Air Rhodesia's profits increased between 1969 and 1970, and the airline continued to perform well despite the challenges brought about by sanctions and the deteriorating political environment within Rhodesia. Passenger services were introduced to Kariba; the Dakota services to Wankie were upgraded to use the Viscount; and additional revenue was earned by lending surplus aircrew to other airlines. However, Air Rhodesia's performance was affected when its competitors began to use new jet airliners, and it became obvious that jet aircraft were essential for international services. The airline covertly acquired its first jets, three Boeing 720-025 jetliners, which arrived under a shroud of secrecy on the evening of 14 April 1973 during the Easter holiday; they had initially been purchased new by the original Eastern Air Lines, a U.S. air carrier based in Miami, and had then been acquired by Calair, a German charter airline that folded in 1972. Air Rhodesia's new jet planes were ready to be put into service in November 1973, just as fuel prices increased by 35 percent because of the Yom Kippur War in the Middle East.

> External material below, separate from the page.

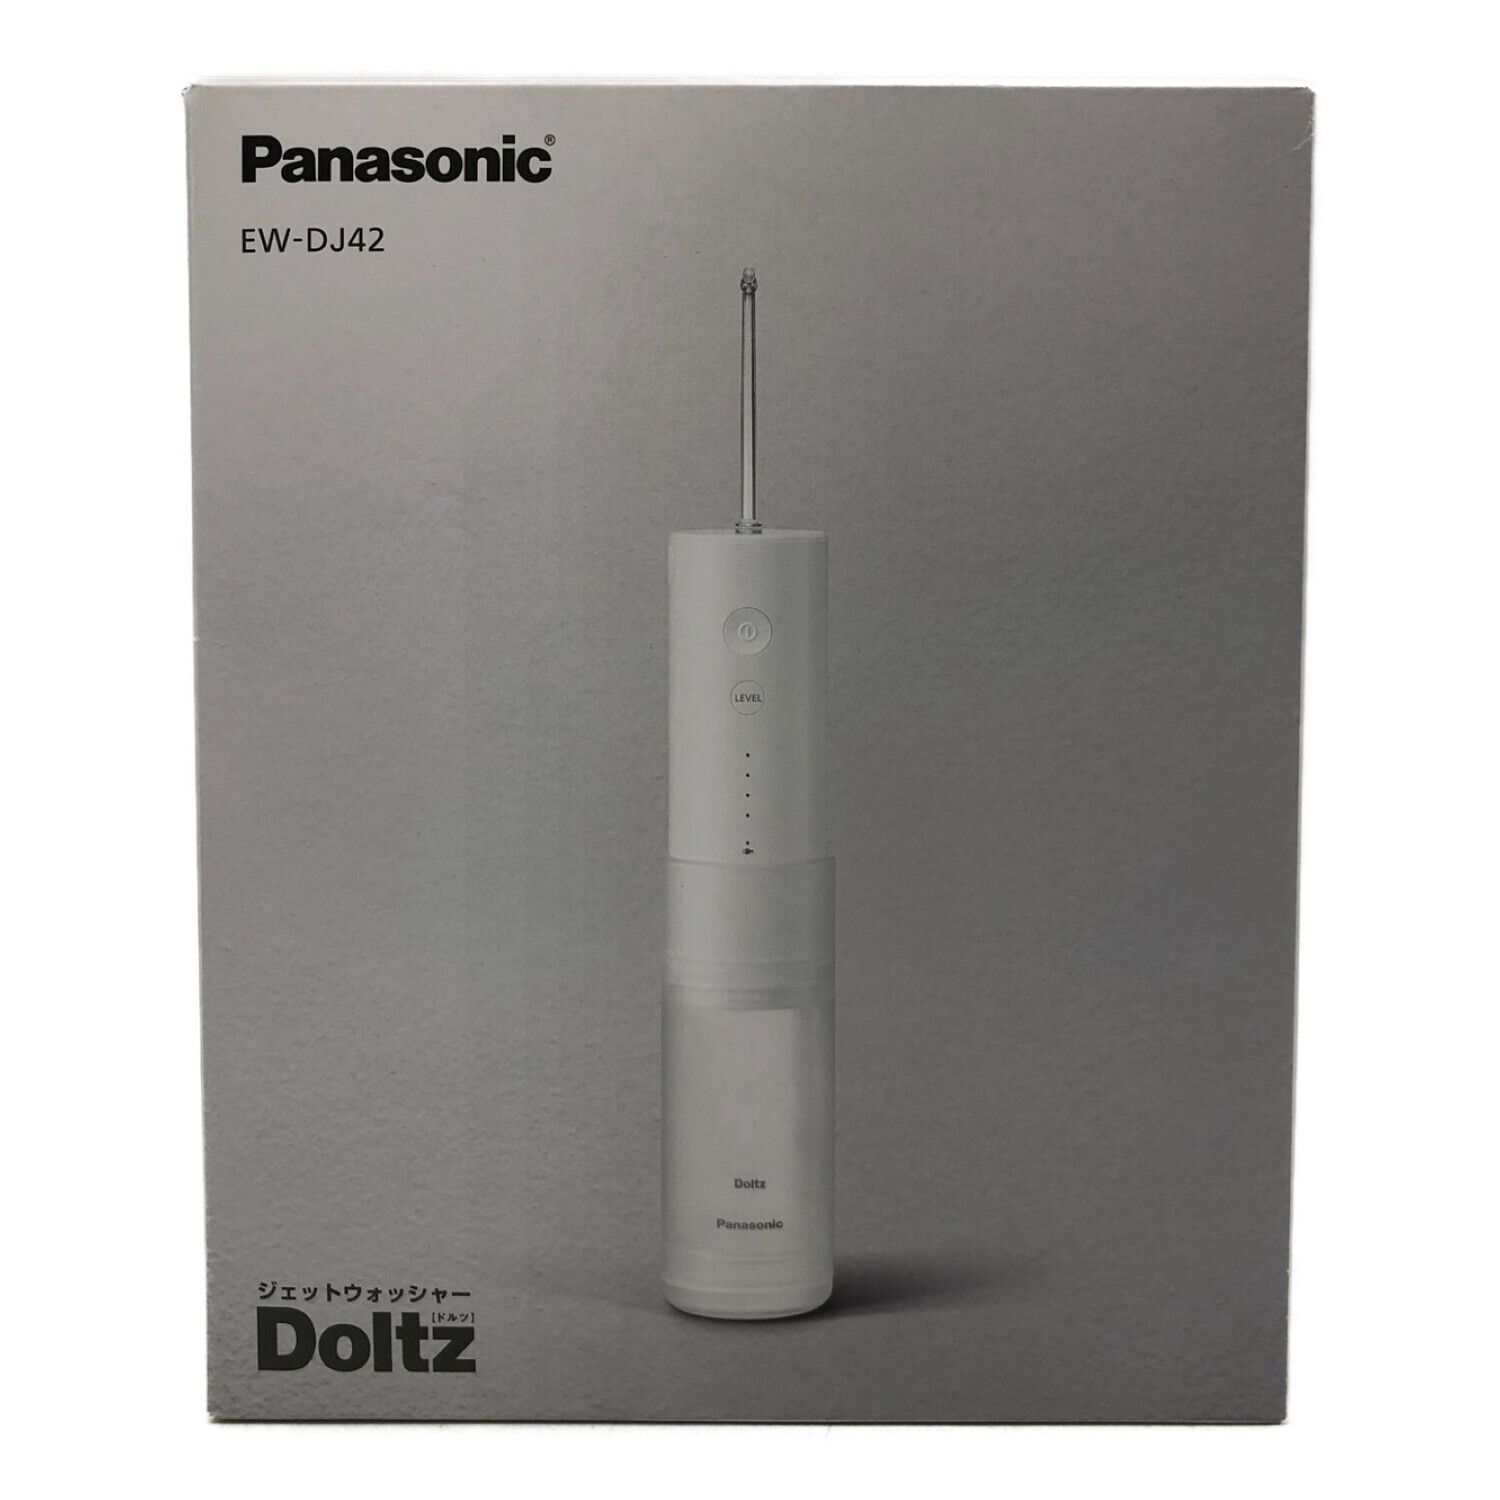 Panasonic (パナソニック) ジェットウォッシャードルツ EW-DJ42-W

Soon afterwards, the Bush War began to escalate sharply, and staff shortages due to military call-ups were adding to the airline's difficulties. Mozambique was granted its independence in 1975, and Air Rhodesia services to Blantyre and Beira were banned in March 1976 when Rhodesian aircraft were prohibited from overflying Mozambican territory. Until 1979, the airline's only external services would be to Johannesburg and Durban.

===The Bush War===

On 3 September 1978, Air Rhodesia Flight 825, a Vickers Viscount with registration VP-WAS, was shot down near Kariba by nationalist terrorists. Only eight people survived the crash and the ensuing massacre by the guerilla fighters. Just five months later, on 12 February 1979, Air Rhodesia Flight 827, another Viscount, registered VP-YND, was shot down in the same area, killing everyone on board. As a protective measure, all of the surviving Air Rhodesia Viscounts were quickly painted in a special yellowish-green matte paint, and all shiny metal surfaces on the aircraft, including propeller blades and spinners, were painted over. In order to prevent heat-seeking missiles from locking on to the hot jet pipes, specially designed engine guards were fitted to the engine nacelles, which had the effect of significantly increasing the aircraft's fuel consumption. Meanwhile, due to the ongoing war, passenger numbers continued to plummet as fuel prices soared.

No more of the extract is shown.